:: Given information ::

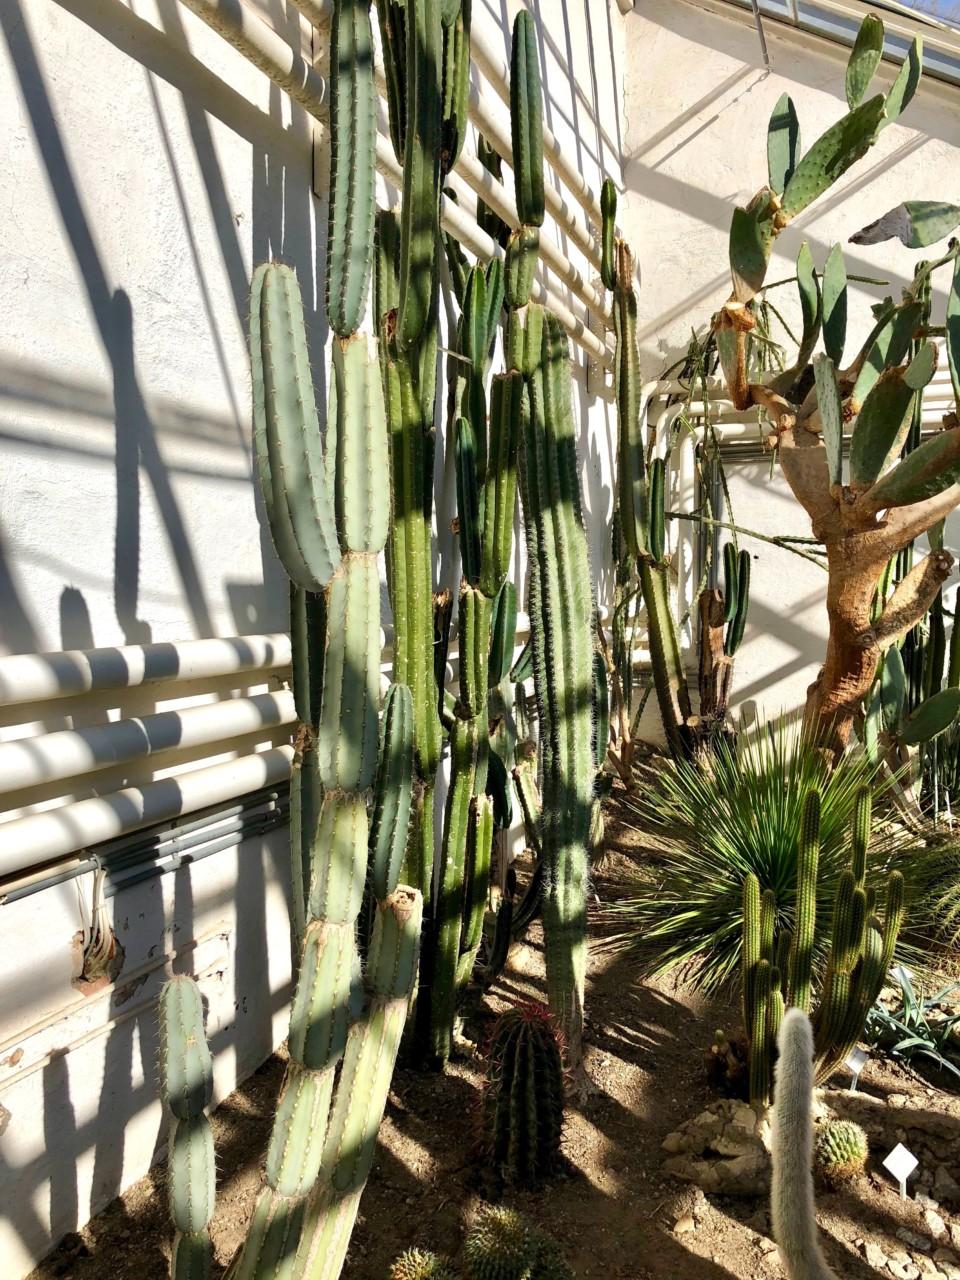 kaktus-botanisk-hage-oslo-palmehuset-green-house
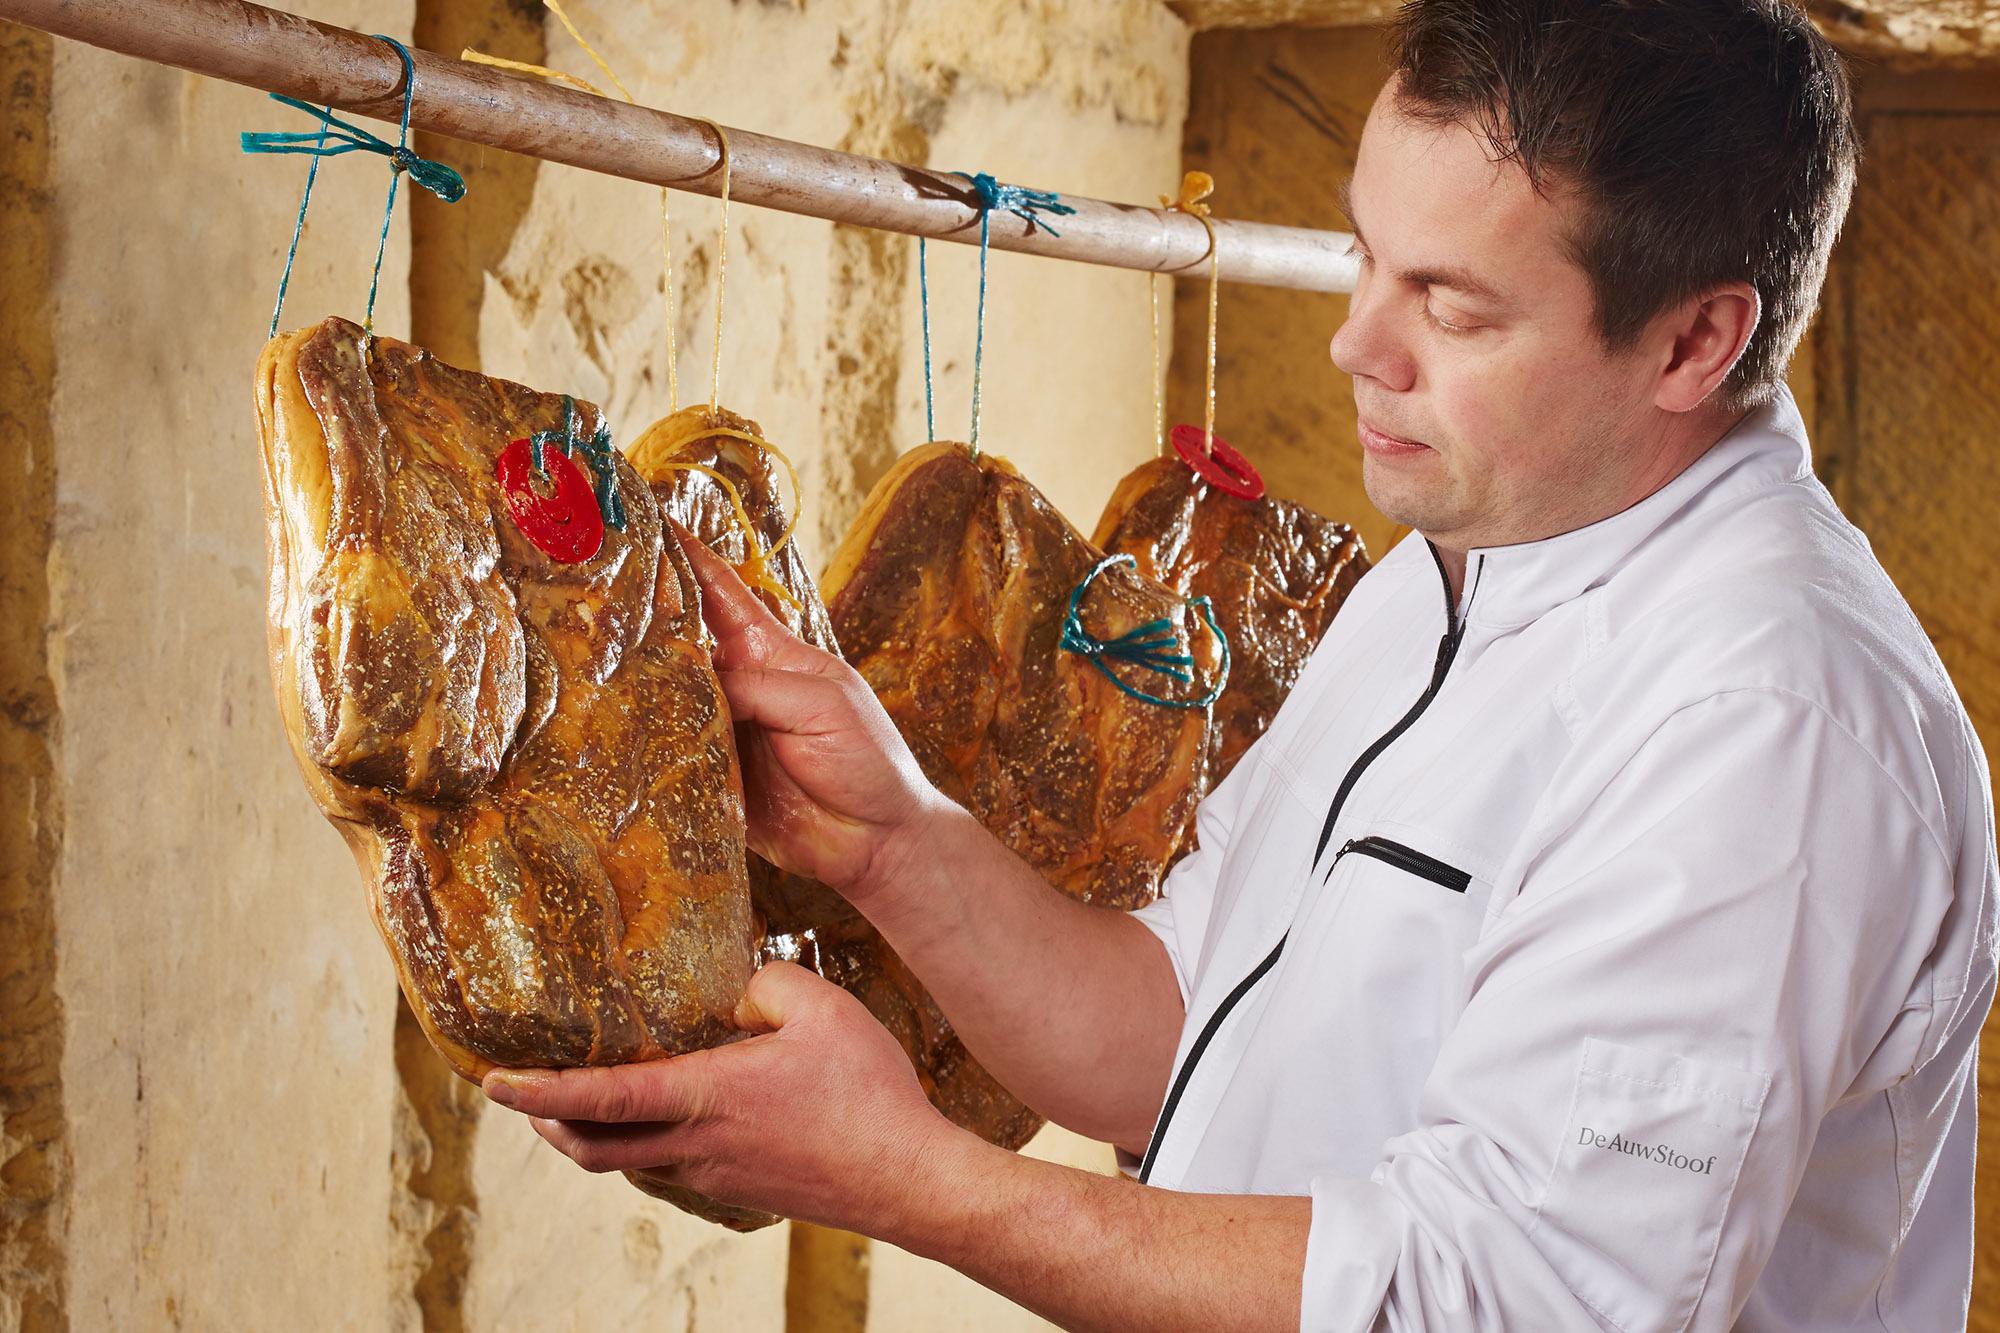 SPUISERS Auwstoof grottenham mergelgrotten Geulhemmer culinair ham
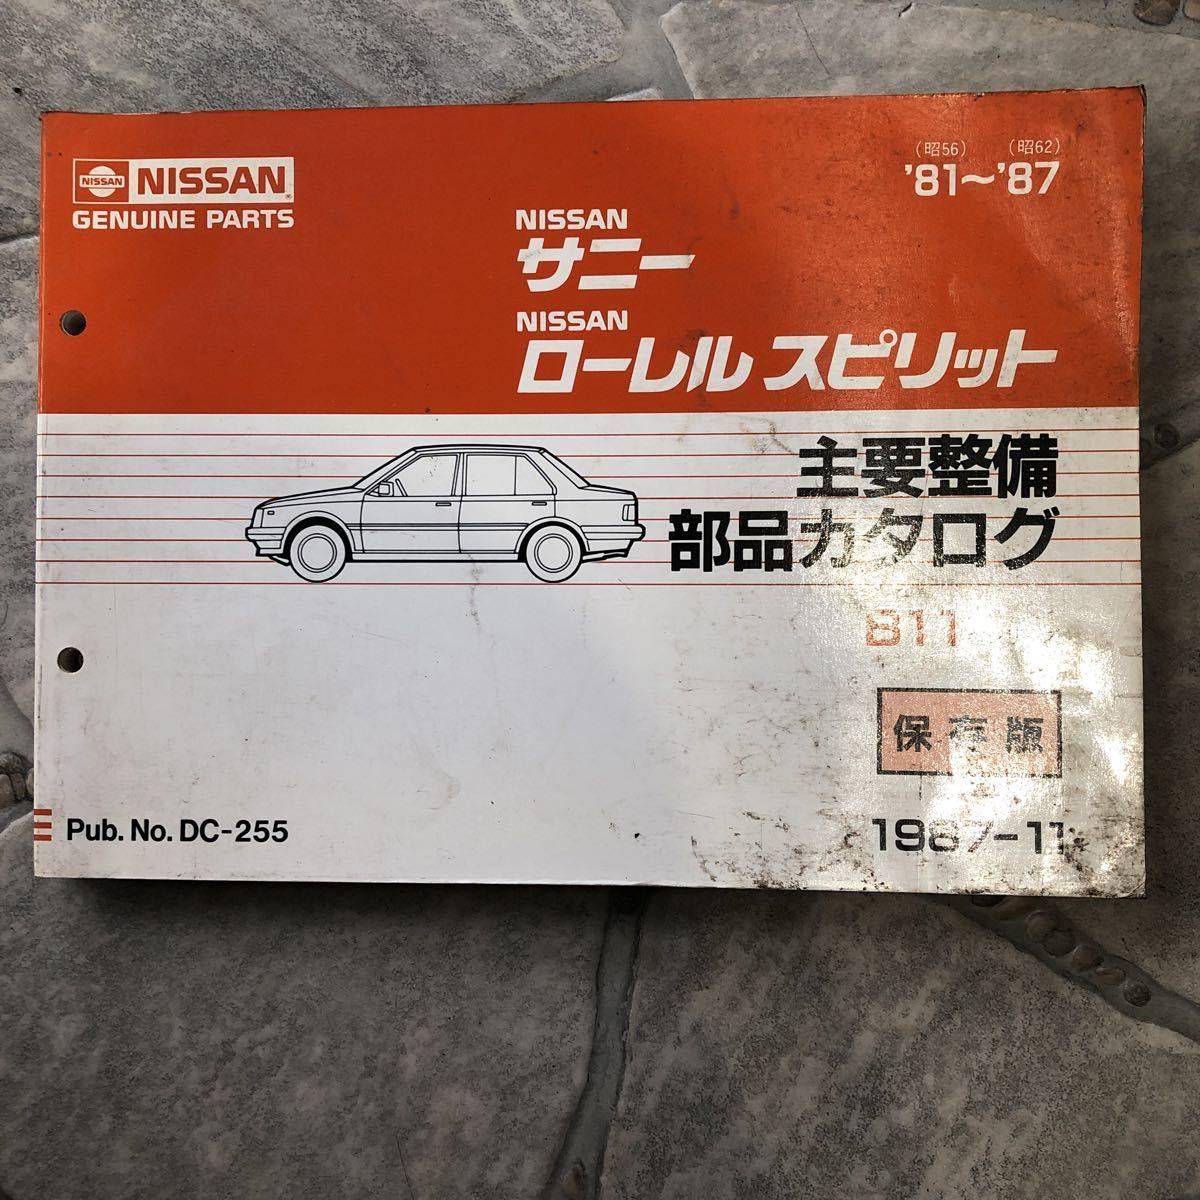 Nissan Sunny B11 type series 81~87 used main maintenance parts
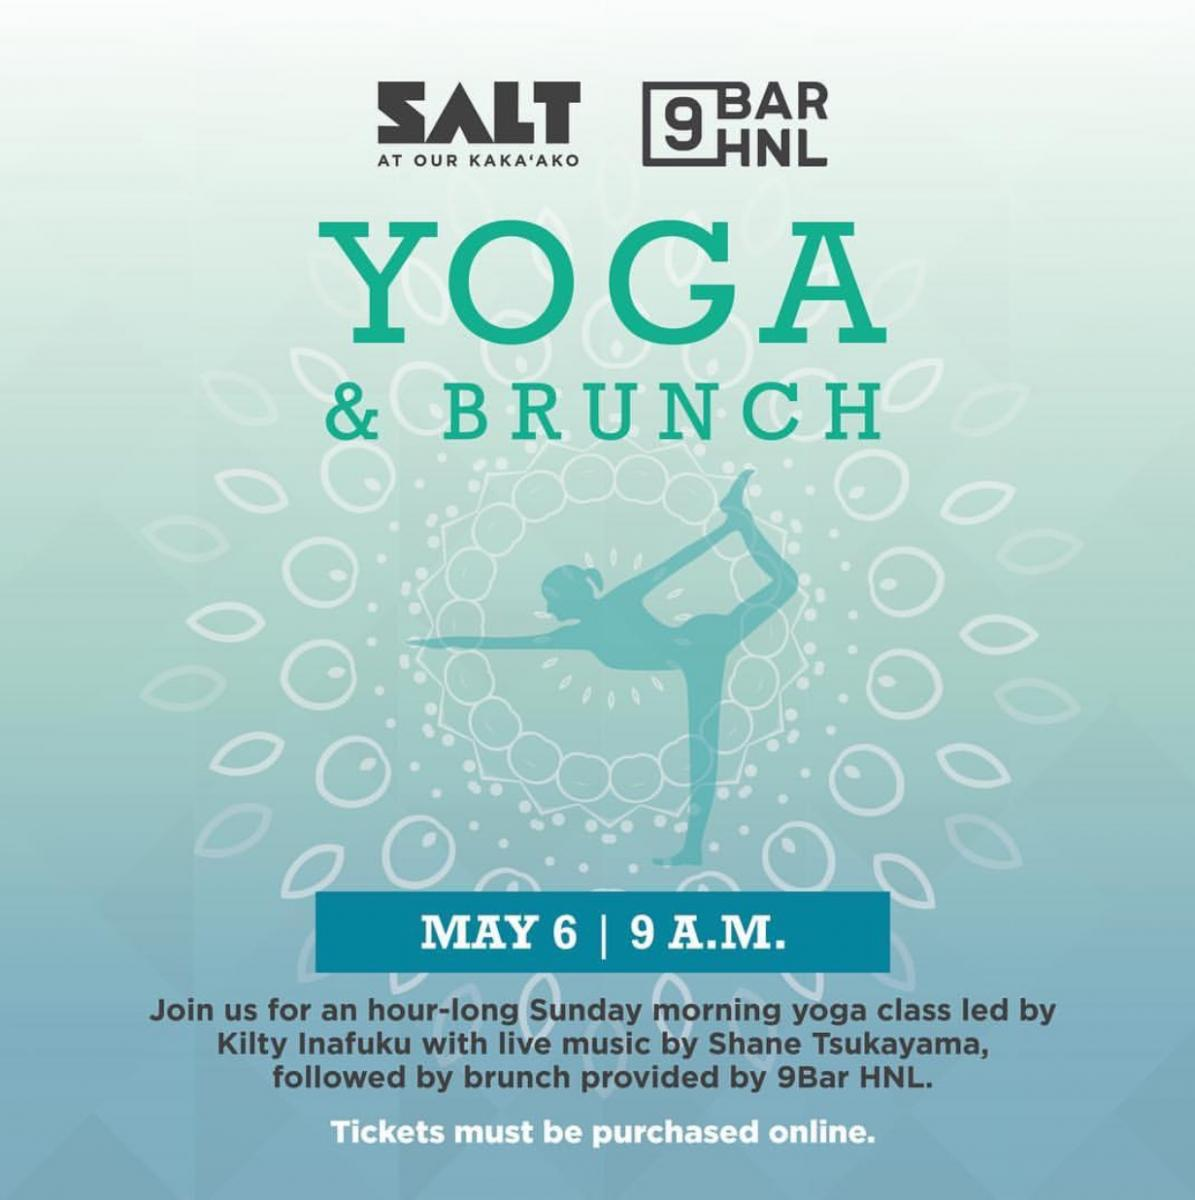 Yoga & Brunch at SALT at Our Kakaʻako
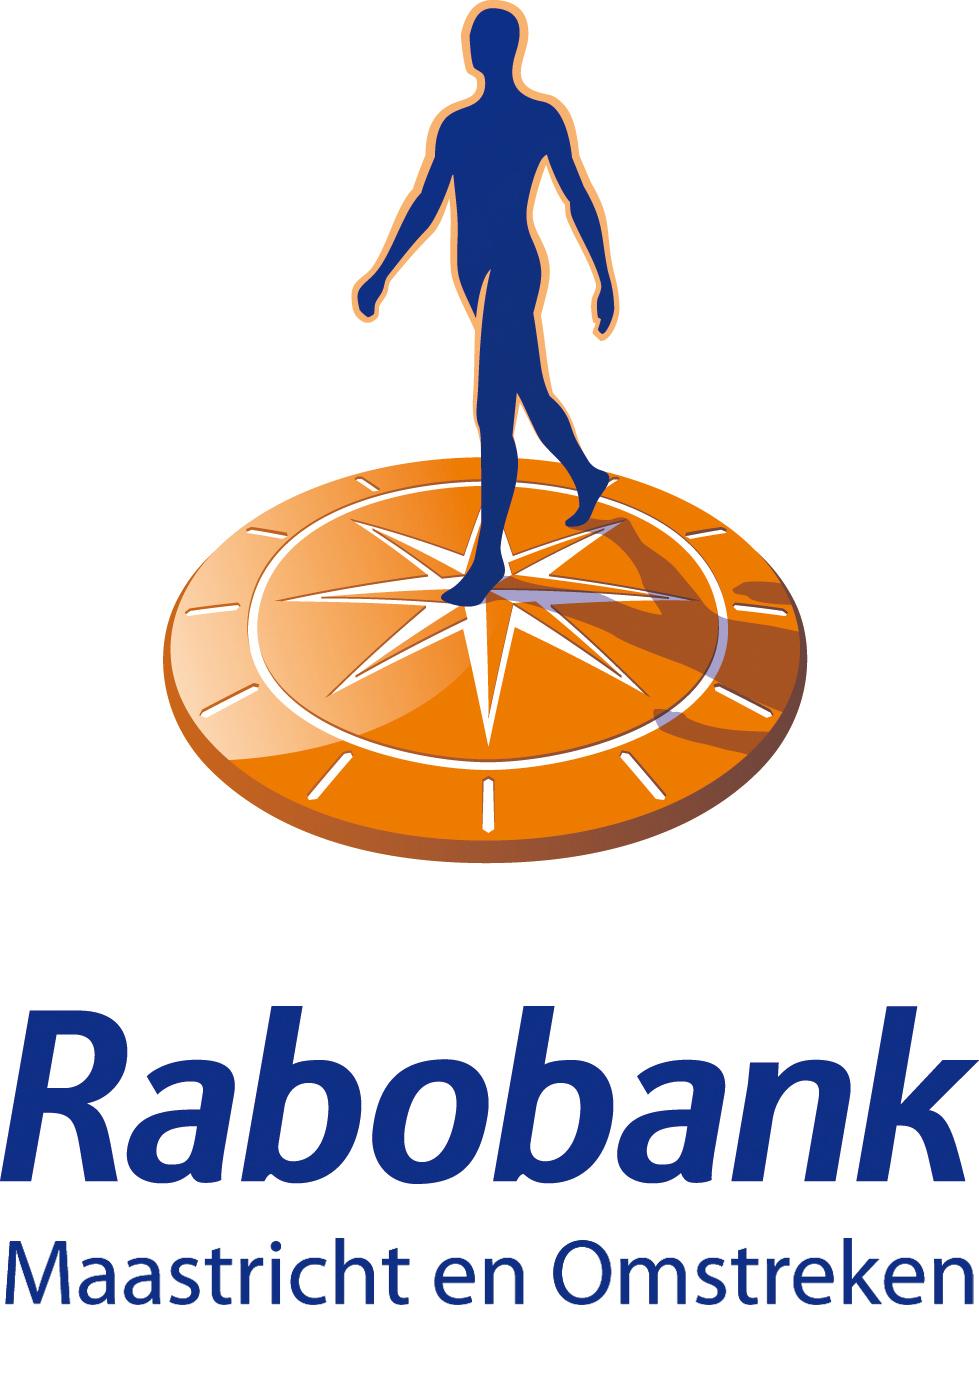 Rabobank Maastricht

:::

▸ **Task to complete**
Repeat each line above exactly. The pictures stay out.

▸ **Output of the task**
 kaktus-botanisk-hage-oslo-palmehuset-green-house
 SPUISERS Auwstoof grottenham mergelgrotten Geulhemmer culinair ham
 Nissan Sunny B11 type series 81~87 used main maintenance parts
 Yoga & Brunch at SALT at Our Kakaʻako
 Rabobank Maastricht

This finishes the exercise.